LLMs, due to their extensive training on vast corpora scraped from the internet, invariably embed unsafe or harmful knowledge. Standard safety finetuning techniques, such as Direct Preference Optimization (DPO), aim to align model behaviors with ethical guidelines but are occasionally susceptible to simple adversarial attacks known as jailbreaks. Unlearning methods, such as RMU, propose a more definitive solution by attempting to excise this hazardous information entirely from the model weights.

Key Findings and Methodology

The empirical evaluations in this paper are rigorous and multifaceted, involving white-box adversarial methods to test the strength of unlearning defenses. Specifically, the researchers applied various adversarial techniques, including:

Finetuning: Surprisingly, finetuning unlearned models with data sets that have minimal overlap with the hazardous content effectively reverses unlearning. For example, finetuning RMU on just 10 unrelated samples recovered a majority of the hazardous capabilities and attained 62.4% accuracy on WMDP-Bio, showcasing the vulnerability of unlearning methods to seemingly benign finetuning.
Orthogonalization: The researchers discovered that directional ablation techniques, which remove specific vectors in the activation space, successfully bypass the protections of RMU. Employing orthogonalization increased RMU's performance on WMDP-Bio to 64.7% accuracy, indicating that the hazardous knowledge isn't entirely excised but merely obfuscated.
Logit Lens Projections: Using Logit Lens to decode intermediate representations revealed that unlearning methods indeed manage to obscure hazardous knowledge from early layers, but this does not hold as strongly in deeper layers. The Logit Lens accuracy for RMU across the architecture nears random chance, reinforcing that some unlearning efforts are more thorough than safety training.
Enhanced GCG: An adapted Global Consistency Generation (GCG) method designed for unlearning methods manifested significant efficacy, recovering RMU's WMDP-Bio accuracy to 53.9%. This underscores that even tailored adversarial attacks can challenge state-of-the-art unlearning methods.

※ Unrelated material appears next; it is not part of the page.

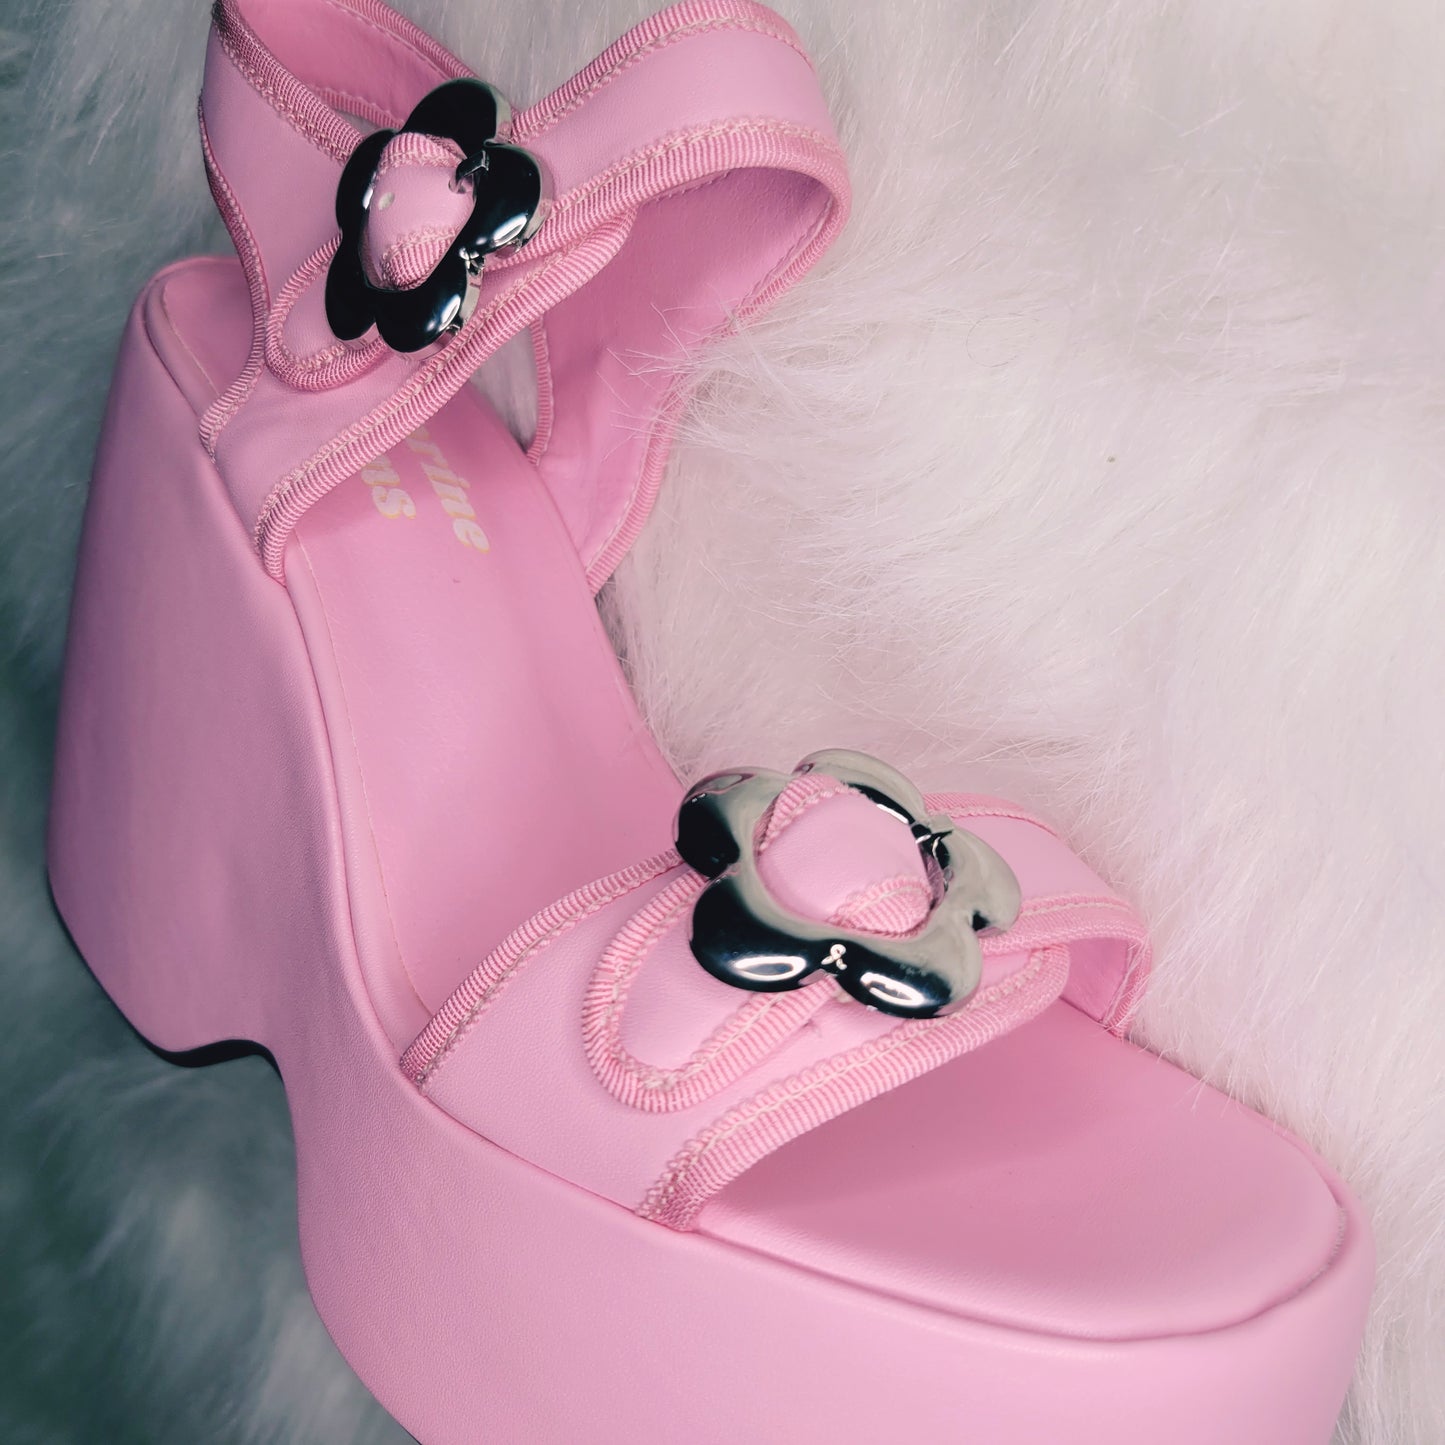 Ezra Pink Flower Power Platform Sandals

Implications and Future Directions

These findings suggest that current unlearning techniques, despite their innovative approaches, may not offer substantial advantages over traditional safety finetuning when subjected to sophisticated adversarial testing. The practical implications are immense for fields necessitating stringent information safety like medical or legal domains where misuse of specific information could result in severe consequences. Furthermore, the research highlights the necessity for an evolution in evaluation methods, moving past black-box assessments toward more holistic adversarial testing frameworks to thoroughly vet unlearning techniques.

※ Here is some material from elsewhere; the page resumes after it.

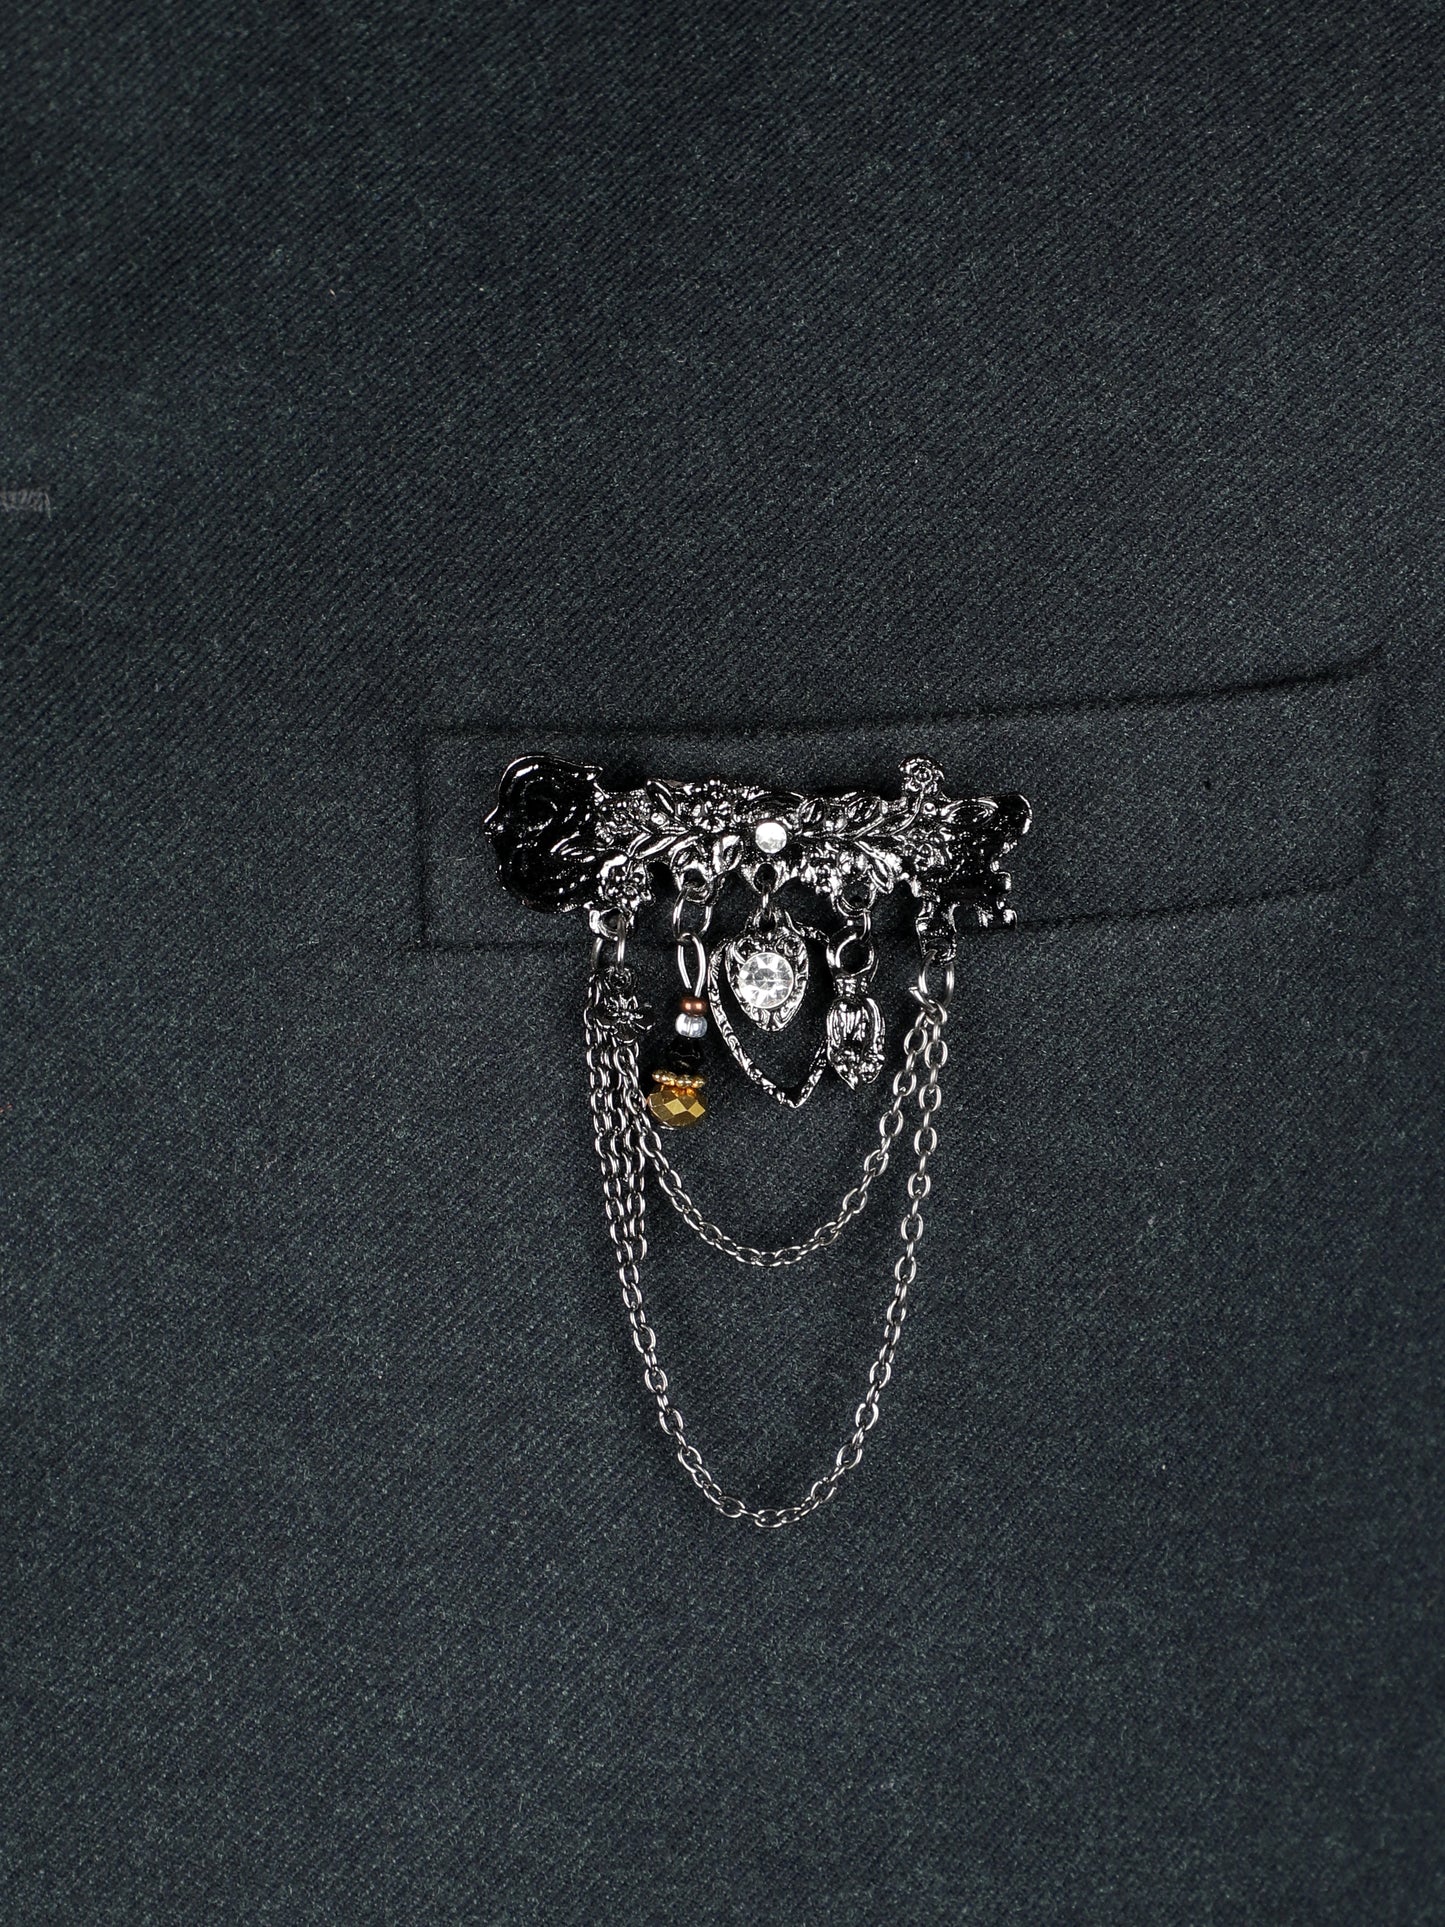 Alvaro Castagnino Metallic Black Colored Fancy Brooch for Men's

Prospective research could delve into improving the security of unlearning algorithms by integrating mechanisms that guard against rapid re-learnability of hazardous knowledge. For example, combining gradient ascent methods with more robust representation engineering might yield more resilient unlearning techniques. Additionally, developing adaptive evaluations that dynamically test and strengthen model weaknesses could form the bedrock of next-generation unlearning strategies.

Conclusion

In conclusion, "An Adversarial Perspective on Machine Unlearning for AI Safety" provides pivotal insights into the efficacy and limitations of contemporary unlearning methods. The extensive evaluations reveal that while unlearning methods like RMU can obscure knowledge, they often falter under adversarial scrutiny, sometimes exhibiting vulnerabilities akin to those of safety training measures. This work calls for a more robust and adaptive assessment approach, encouraging the development of more resilient unlearning strategies that can more effectively prevent hazardous knowledge extraction from AI models.